LA FORTEZZA DI LUCERA, IL VIRUS E L’ASSEDIO DELLE MENTI

La Fortezza svevo-angioina di Lucera è un luogo solitario, ma non remoto. Ed è un simbolo identitario di una comunità, anche se non riconosciuto da tutti, nel quale è sempre appagante, sul piano emotivo e sentimentale, immergersi; raggiungerla per stare con se stessi. La luce bellissima scolpisce le antiche pietre, tramutando le austere architetture militari in un vero incanto poetico. Perché qui risiede un bel pezzo della nostra anima, che reclama il suo diritto alla tranquillità e alla bellezza. E quanta bellezza i nostri occhi colgono su questo mirabile palcoscenico.

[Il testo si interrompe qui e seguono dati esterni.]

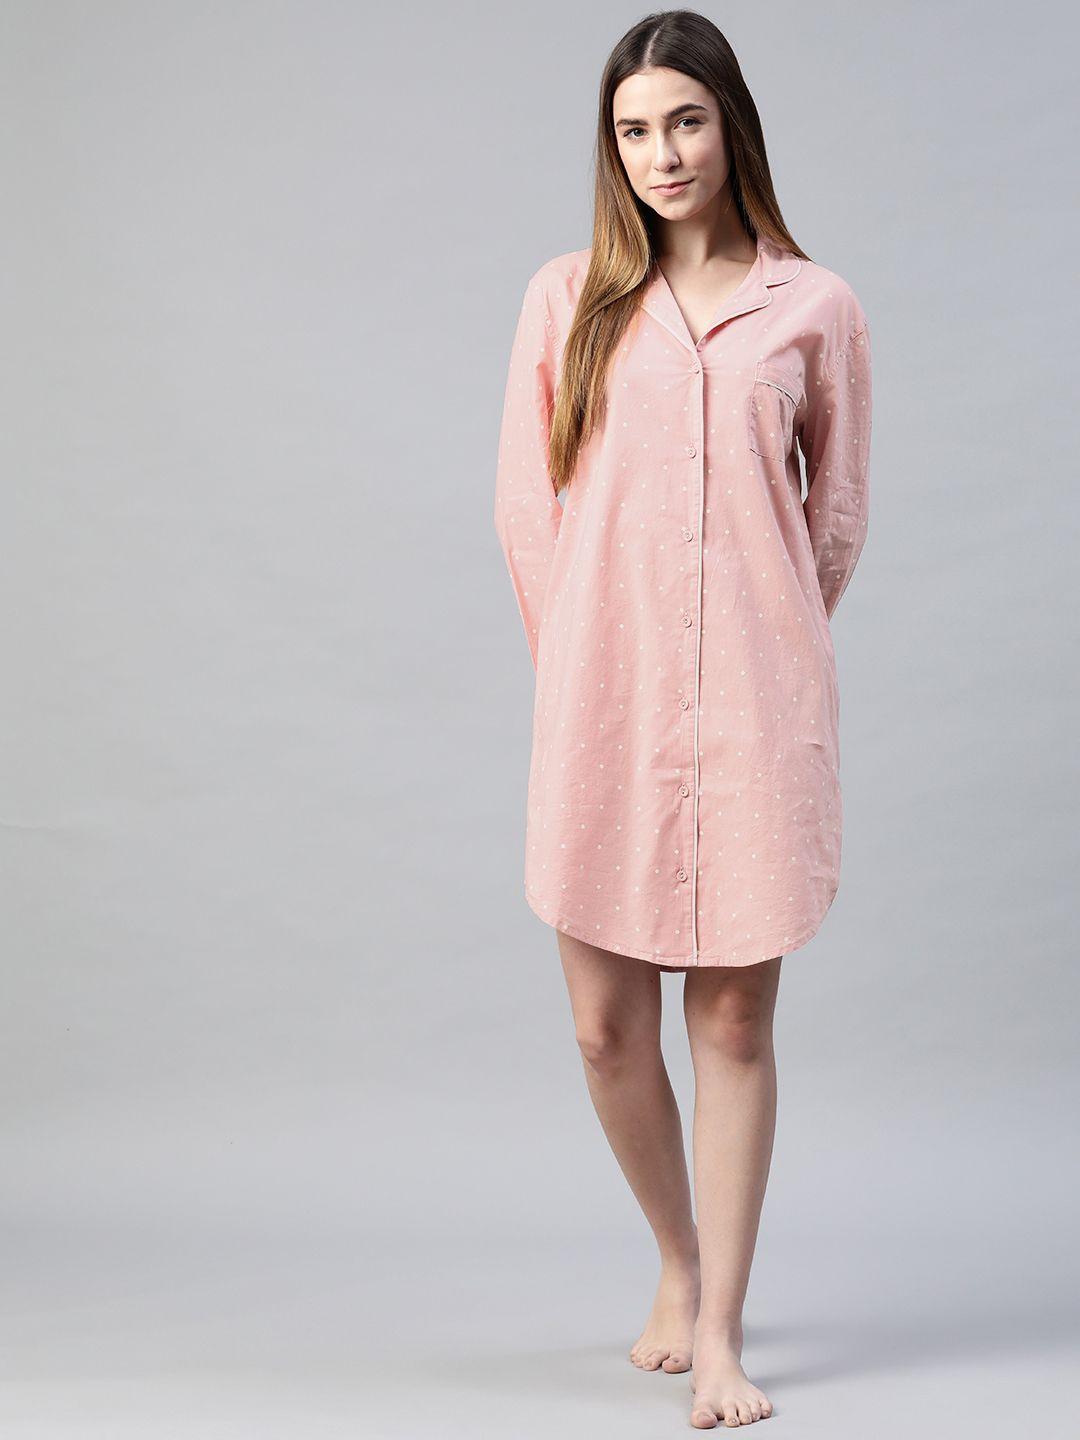 marks-&-spencer-pink-&-white-printed-cotton-nightdress
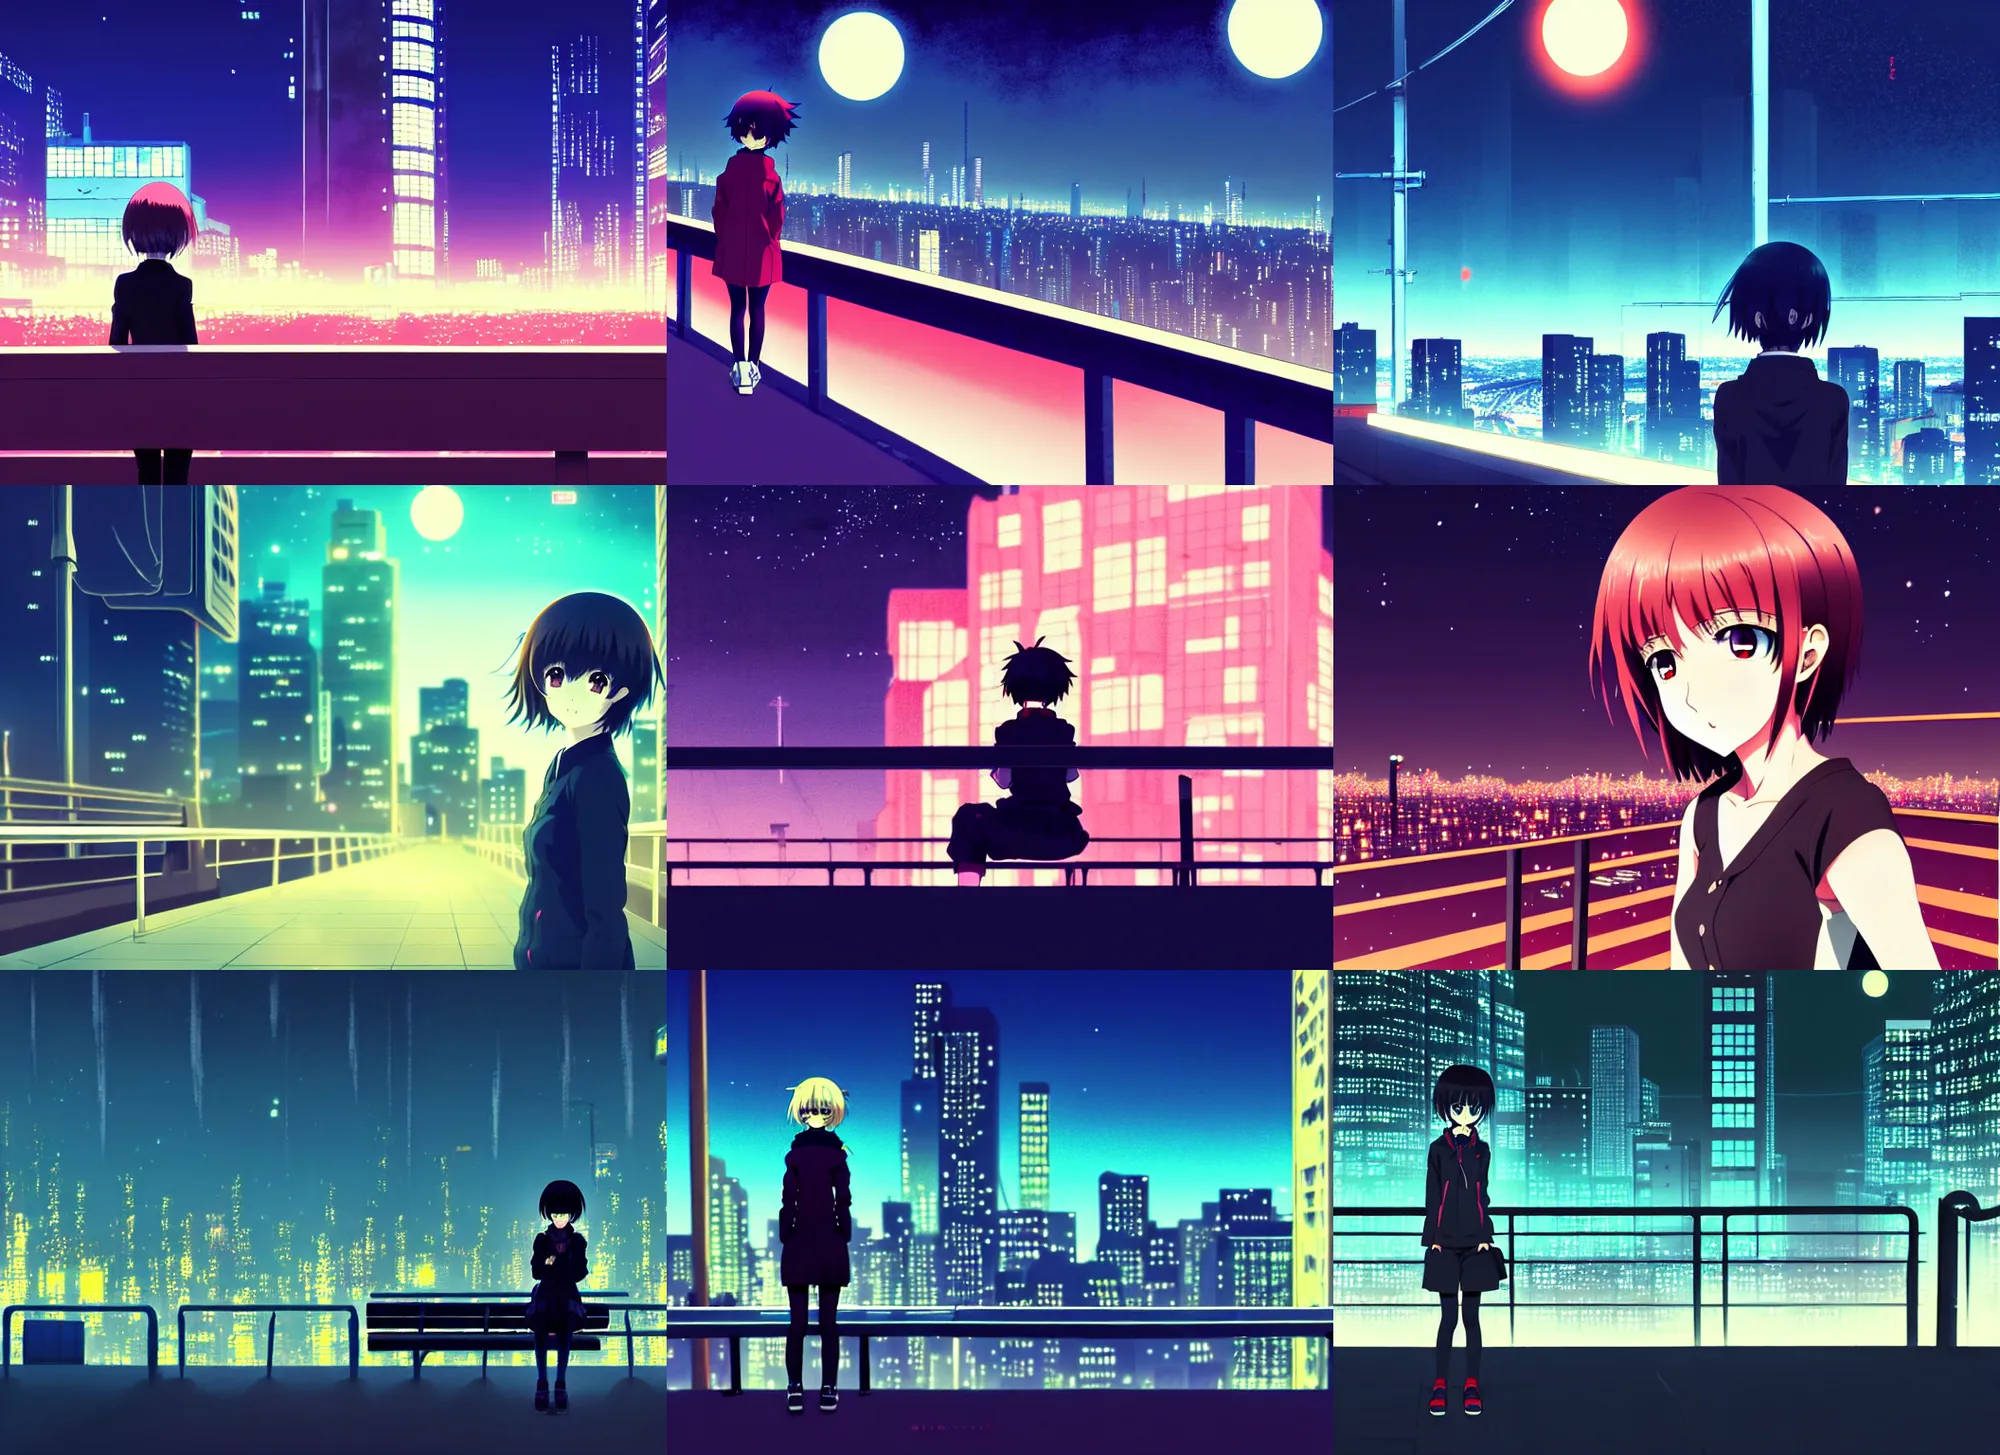 Prompt: anime frames, anime visual, portrait of a young female traveler sight seeing above the city exterior at night, bench, guardrails, very low light, cute face by ilya kuvshinov and, psycho pass, kyoani, dynamic pose, dynamic perspective, strong silhouette, anime cels, rounded eyes, yoshinari yoh

In un luminoso anticipo di primavera, in cielo, due piccoli rapaci, forse gheppi, disegnano traiettorie circolari, in attesa, con occhio acuto, di scorgere, tra l’erba, prede da ghermire. I due volatili si lanciano brevi richiami che appartengono al rituale della caccia; nuvole, così alte, cirri, da sembrare immobili, sono come scie di zucchero nel profondo azzurro. Tutt’intorno, la calma è appena insidiata da una leggera brezza. Il resto dell’umanità è lontano, ridotto a brusio appena percepibile e a movimenti fuori fuoco.

I passi smuovono la ghiaia; si cammina al fianco della storia, si lambisce il suo senso: qui ne è passata tanta. La Fortezza rappresentava il potere esercitato su un ampio territorio e la difesa di esso. E’ facile immaginare, al cospetto di mura plurisecolari, la fiumana di uomini coinvolta negli eventi che qui sono accaduti, la vita quotidiana, la guerra, le carestie, le epidemie, l’amore, la morte.

Una Fortezza che resiste, perché solida, eretta per sfidare il tempo. Una Fortezza rassicurante nella sua maestosità, potente e viva nel suo indubbio significato simbolico, sorgente di memoria che ci accoglie, oggi che vogliamo estraniarci, disperderci, allontanarci da una follia che ha messo l’assedio non a queste o ad altre mura, ma alle menti, attanagliate dall’insicurezza; e non perché vi siano schiere di armati alle viste. Minacce invisibili evocano pericoli imminenti e risvegliano paure ataviche, scritte nel nostro inconscio. Attori si agitano per estorcere a quella paura un lasciapassare per la credibilità, ma è solo un bluff; l’imbroglio, il solito e volgare imbroglio, come strumento per cercare consenso. Non ci sarà la fine del mondo; non ci saranno scenari apocalittici. Chi ha il compito di intervenire, su una questione che comunque è seria, lo sta facendo con sapienza e senza pretendere l’applauso, che pure merita. Allora, rompiamo l’assedio; diamo libertà alle menti e liberiamoci dei profittatori che, in ogni dove, ballano sul terrore altrui.

I due probabili gheppi continuano a volteggiare, fendono l’aria, padroni della loro maestria, sicuri che la pazienza sarà premiata. A ognuno il suo mestiere. Guardiamo ancora il severo profilo della nostra amata Fortezza, che si allunga nella teoria delle torri, fino a quella della Regina, che è come un diamante al centro di una corona. Appunto, una corona, adagiata sulla sommità della collina, sentinella imperitura, a ricordarci chi siamo e ciò che dobbiamo difendere dalle paure e dalla stupidità.